Surprisingly, it worked. It fixed most of our lost-context issues. Is it super scientific? Not really. But it did the job, and that’s what mattered.

Document ingestion pipeline

There are plenty of chunking frameworks out there (Chonkie even has a SaaS version!), but given how simple our chunking logic was, we chose not to overcomplicate things.

All our Markdown documents were processed in a single batch job, which output a set of chunked documents to S3-compatible block storage. On top of that, we run a periodic offline incremental reindexing job for Nixiesearch that writes a new index version to S3.

$> nixiesearch index file -c config.yml --url s3://bucket --index hello

$> aws s3 ls s3://bucket/hello
-rw-r--r-- 1 shutty shutty       512 May 22 12:55 _0.cfe
-rw-r--r-- 1 shutty shutty 123547444 May 22 12:55 _0.cfs
-rw-r--r-- 1 shutty shutty       322 May 22 12:55 _0.si
-rw-r--r-- 1 shutty shutty      1610 May 22 12:55 index.json
-rw-r--r-- 1 shutty shutty       160 May 22 12:55 segments_1
-rw-r--r-- 1 shutty shutty         0 May 22 12:48 write.lock

$> nixiesearch search -c config.yml

The searcher backend just picks up the latest index, and that’s it.

The R in RAG

When you (as a search engineer) first open a list of RAGAS supported evaluation metrics and see things like Precision, Recall and Relevance, you might think that you’ve seen these names already somewhere else.

Precision, Recall and relevance are all search, and not RAG metrics!

The goal of retrieval is to give the LLM the most relevant context. Otherwise, it’s just a classic garbage in, garbage out situation. But with our unusual target languages, the big question was: which search implementation should we trust?

For lexical search, we quickly ran into a roadblock: there are no well-tested, Lucene-compatible analyzers for Kazakh or Uzbek.
On the vector side, some XLM-Roberta-based embedding models (like the Multilingual-E5 family) claim to support these languages. But how do we actually validate that?

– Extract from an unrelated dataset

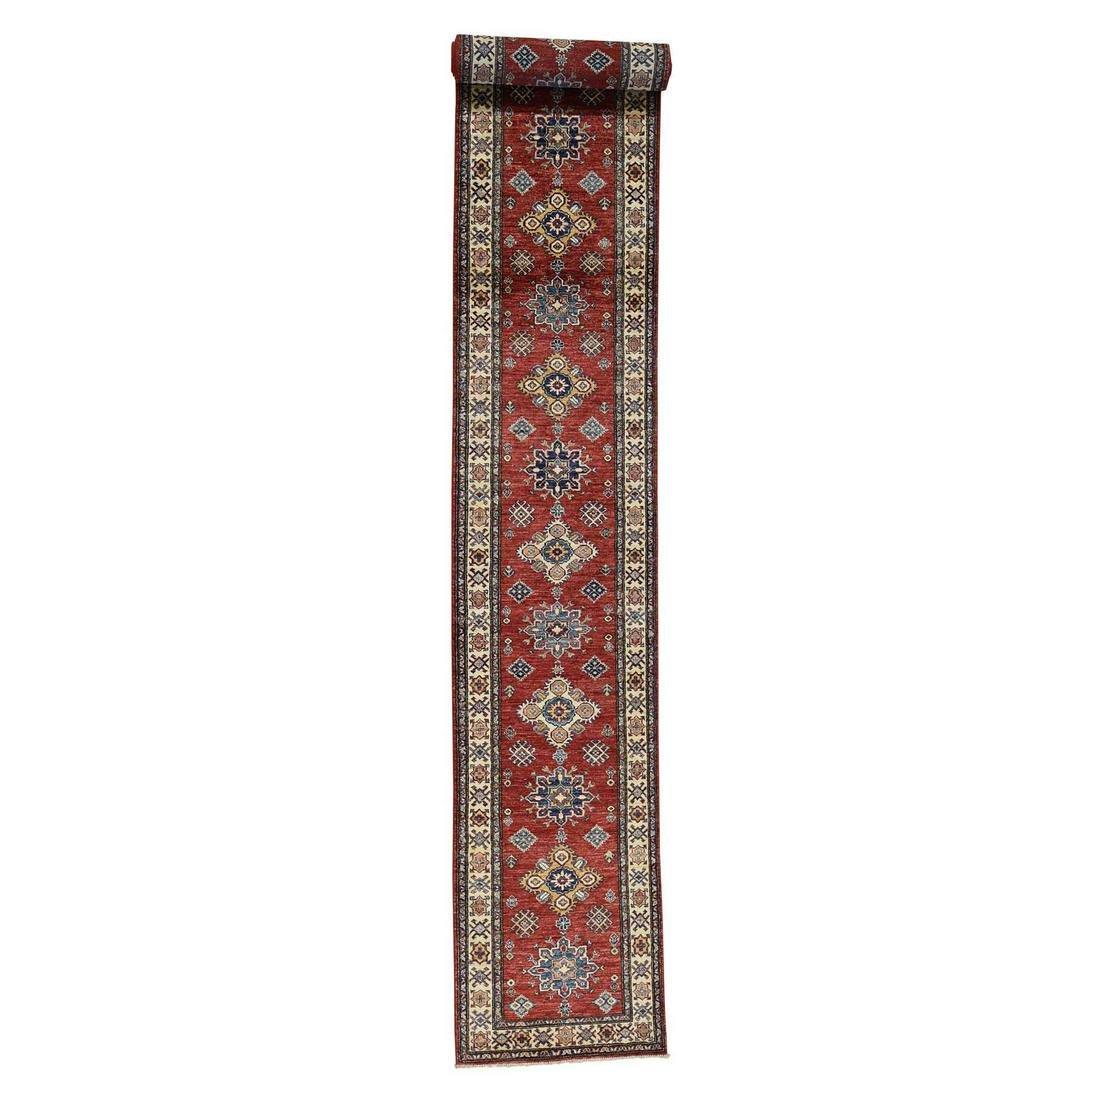 Red Super Kazak XL Runner Hand-Knotted Pure Wool Rug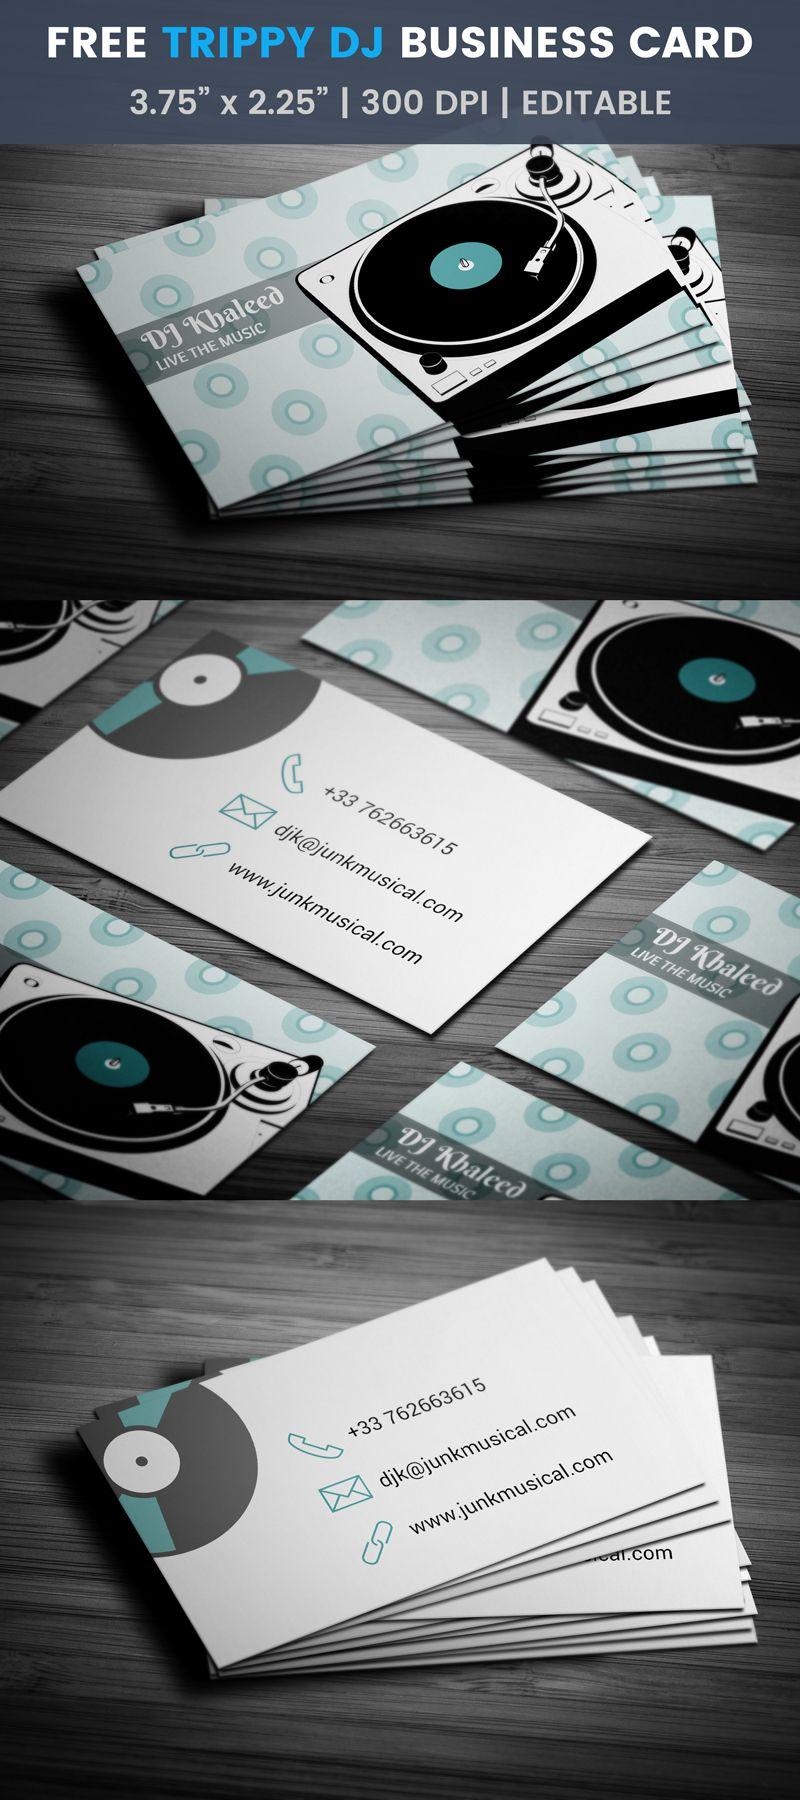 Free turntable business card pinterest dj business cards card vinyl disk dj business card template sound play dj reheart Gallery

There aren’t any labeled datasets available in Kazakh or Uzbek. So we thought—what if we just machine-translate an existing dataset like MIRACL? This idea isn’t new: the mMARCO paper showed that using machine-translated training data can significantly improve multilingual retrieval quality.

mMARCO: A Multilingual Version of the MS MARCO Passage Ranking Dataset

The mMARCO paper used the Helsinki Opus MT model from 2021—but by today’s standards, Google Translate easily outperforms it. That got us thinking: could we use modern LLMs as translation engines?

XCOMET metric on FLORES-plus for en_xx direction.

To test that, we ran a quick evaluation on the FLORES-plus dataset using the XCOMET metric across various language pairs (en→xx). The results? For low-resource languages like Kazakh and Uzbek, GPT-4o outperformed Google Translate both in translation quality and cost.

So, we took the English split of the MIRACL dataset, translated it into Kazakh and Uzbek, and ran the MTEB benchmark across all the open-source multilingual embedding models we could get our hands on.

We originally expected multilingual-e5-large to be the top pick—but surprisingly, the much larger BAAI/bge-multilingual-gemma2 model performed significantly better for our target languages.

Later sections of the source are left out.